The DMZ | South Korea
The DMZ (Demilitarized Zone) is a strip of land running across the Korean Peninsula that serves as a buffer zone between North and South Korea. The DMZ is a de facto border barrier, which runs in the vicinity of the 38th parallel north. The DMZ cuts the Korean Peninsula roughly in half, crossing the 38th parallel on an angle, with the west end of the DMZ lying south of the parallel and the east end lying north of it. It was created as part of the Korean Armistice Agreement between North Korea, the People's Republic of China, and the United Nations Command forces in 1953. It's 250Km long and roughly 4Km wide and is the most heavily militarized border in the world.
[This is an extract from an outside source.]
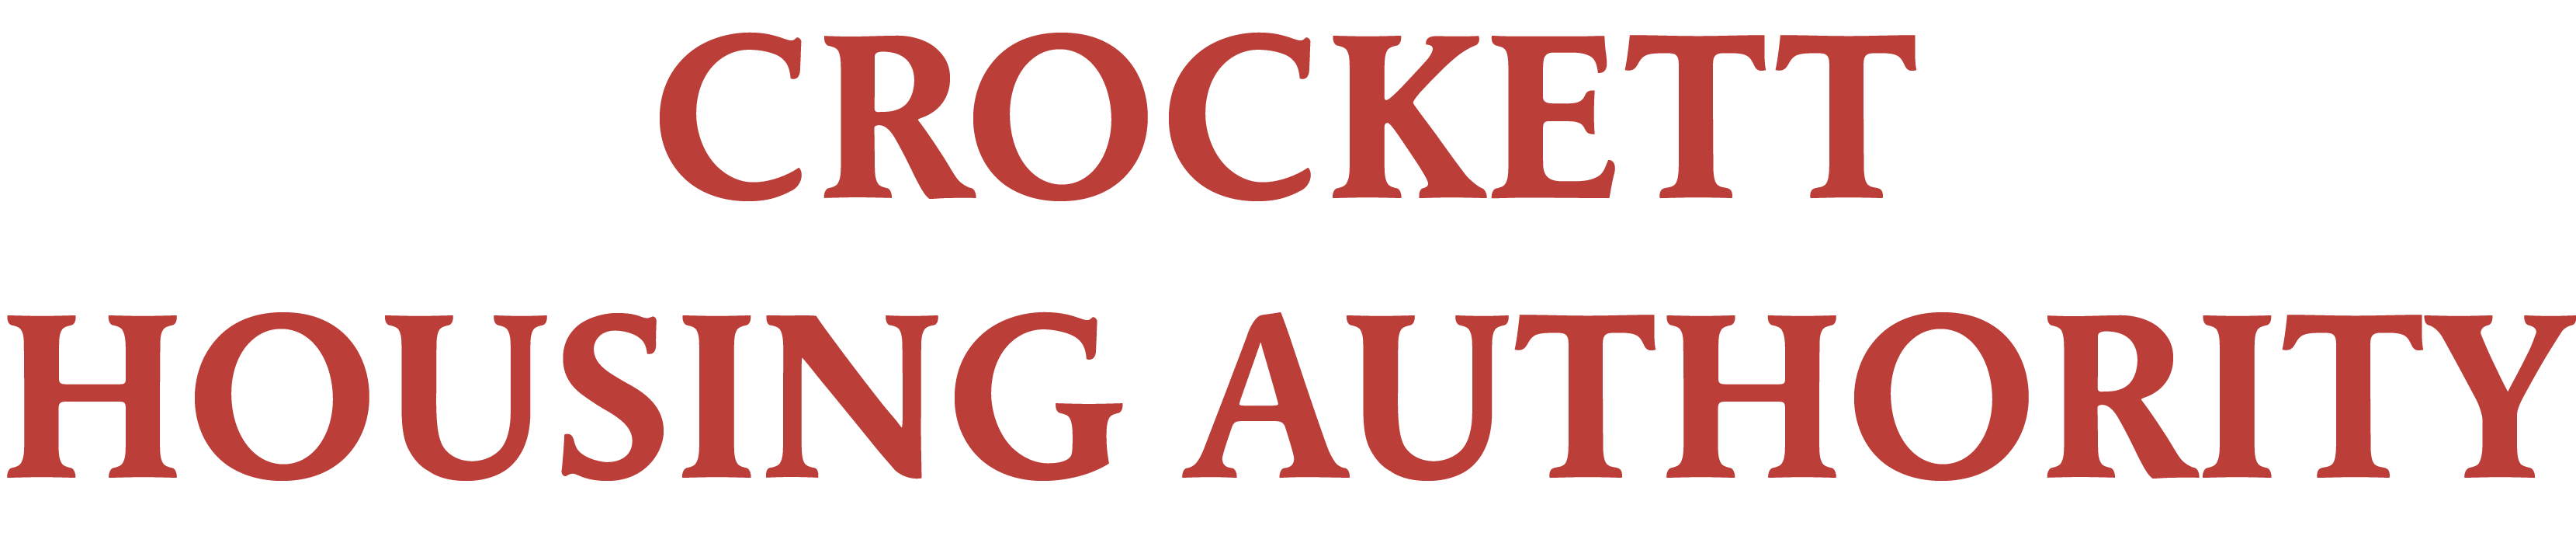 Crockett Housing Authority

I signed up to go on a tour, which is the only way you an go and included a visit to the Joint Security Area, The JSA. It's where the the North and South Korean forces stand face to face. In the above photo, you can see the North Korean guy looking through his binoculars at us, (zoomed in image below). The hut on the left is where they sit down to 'talk'.
Taking photos is severely restricted; "You can take your photos here, just to the front, not to the sides!"
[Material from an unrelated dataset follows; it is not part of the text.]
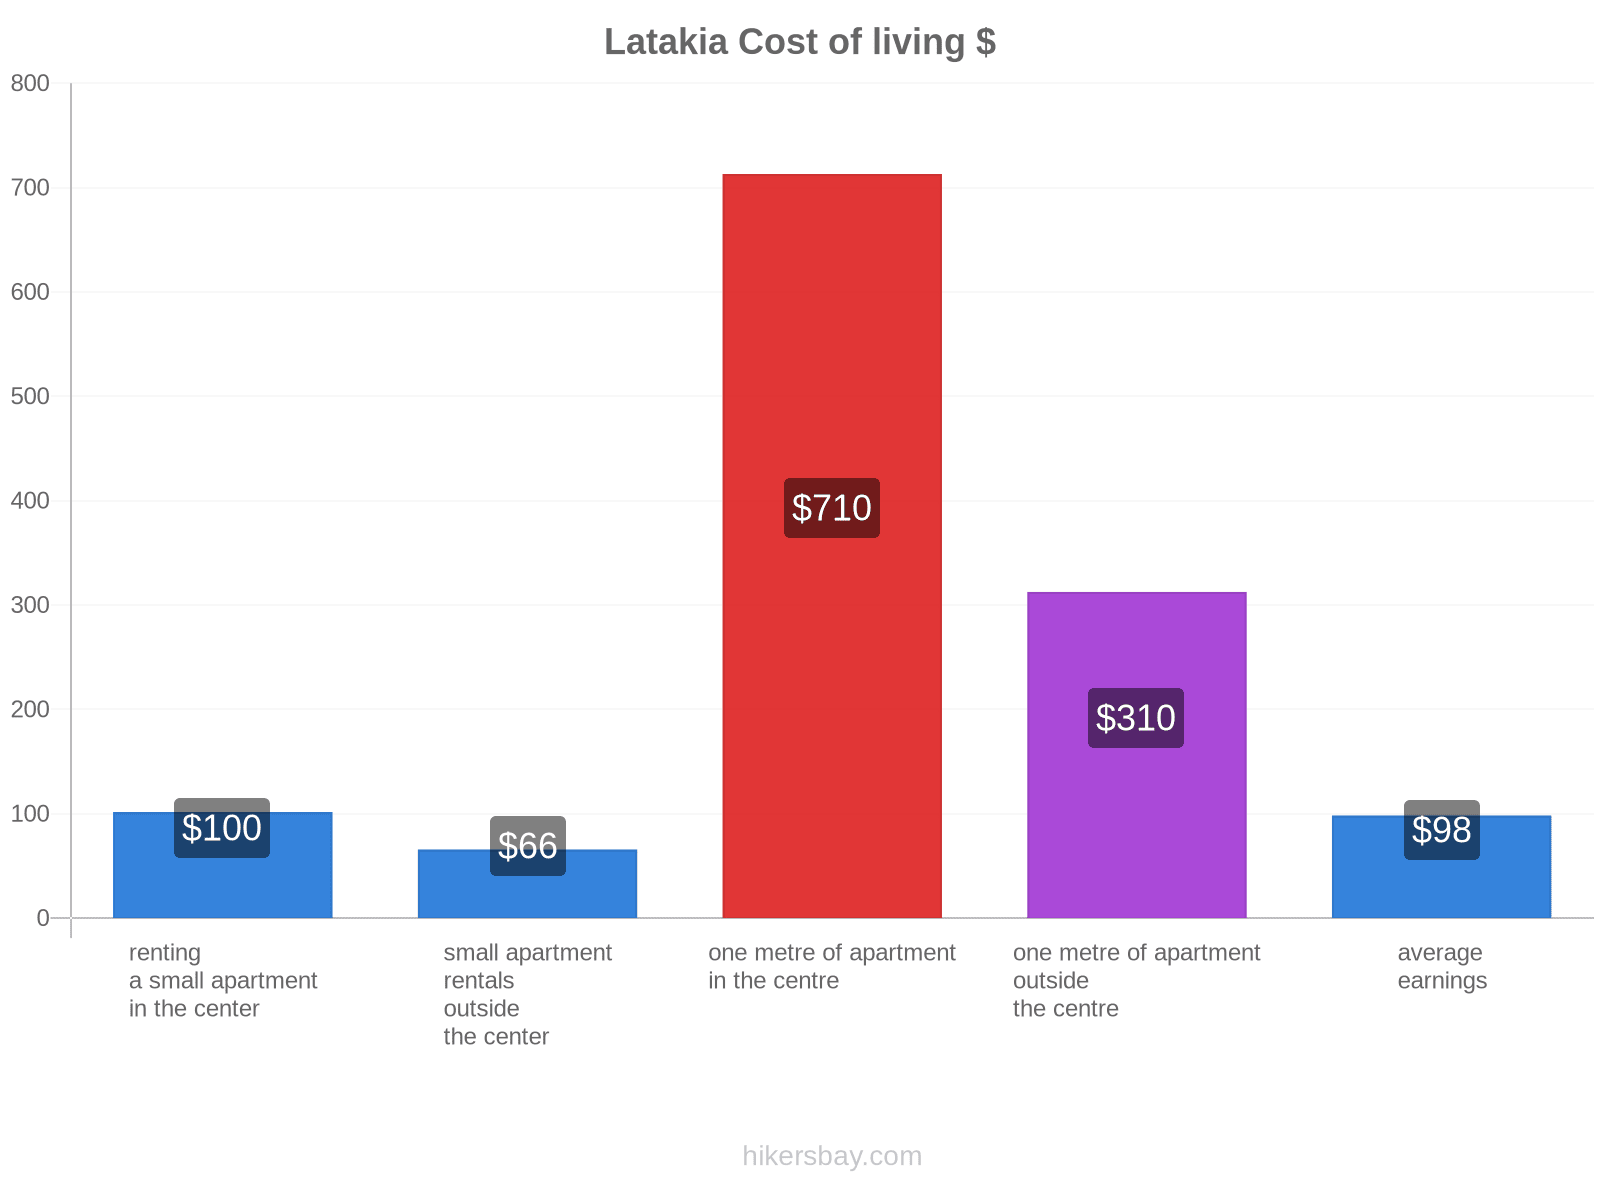 Latakia cost of living hikersbay.com
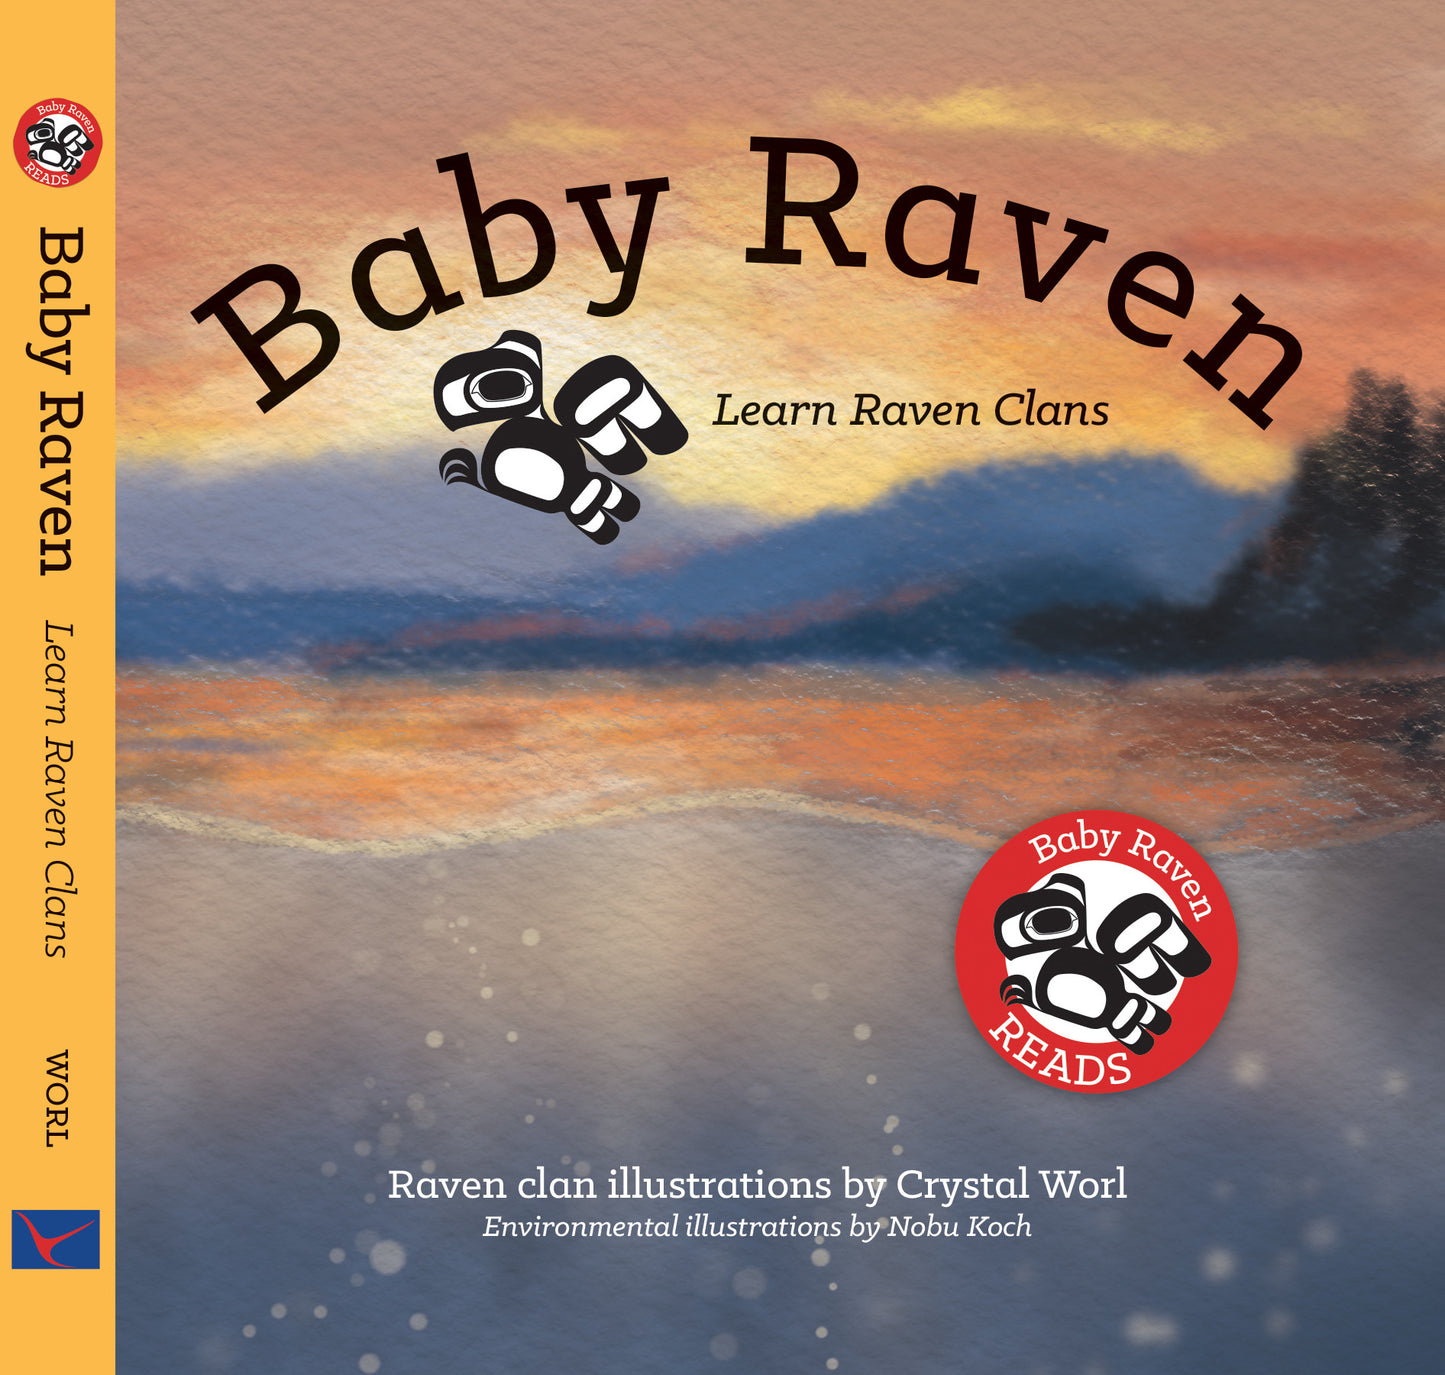 Book, BRR - “Baby Raven", Worl, Koch

Again in the above photo, you see the guy on the right, half of his body hidden behind the hut, "less exposure to a bullet" we were told. I wonder if the guy on the left gets more danger money. All looks like a load of propaganda.. The guards stand for ages in a martial arts stance, a bit like boxers do before a big fight, staring their opponent out.
So when the tourists from the south side visit the area, in side the left hut, 1 guard stands next to the door which leads to the north and another one, stands, one foot in the north and one in the south at the end of the table which stands on the border. When the tourists from the north side come, there are 2 North Korean guards, one at the end of the table and one next to the door which leads to the south.
The two countries are technically still at war since the 1950-1953 war ended in a truce.
Inside the JSA conference room. The guard stands, one foot in the north and one in the south. So technically I have been in North Korea.
For information only, I used the tour agency which ran out of the top floor of the LOTTE Hotel in Seoul. My trip was back in 2014.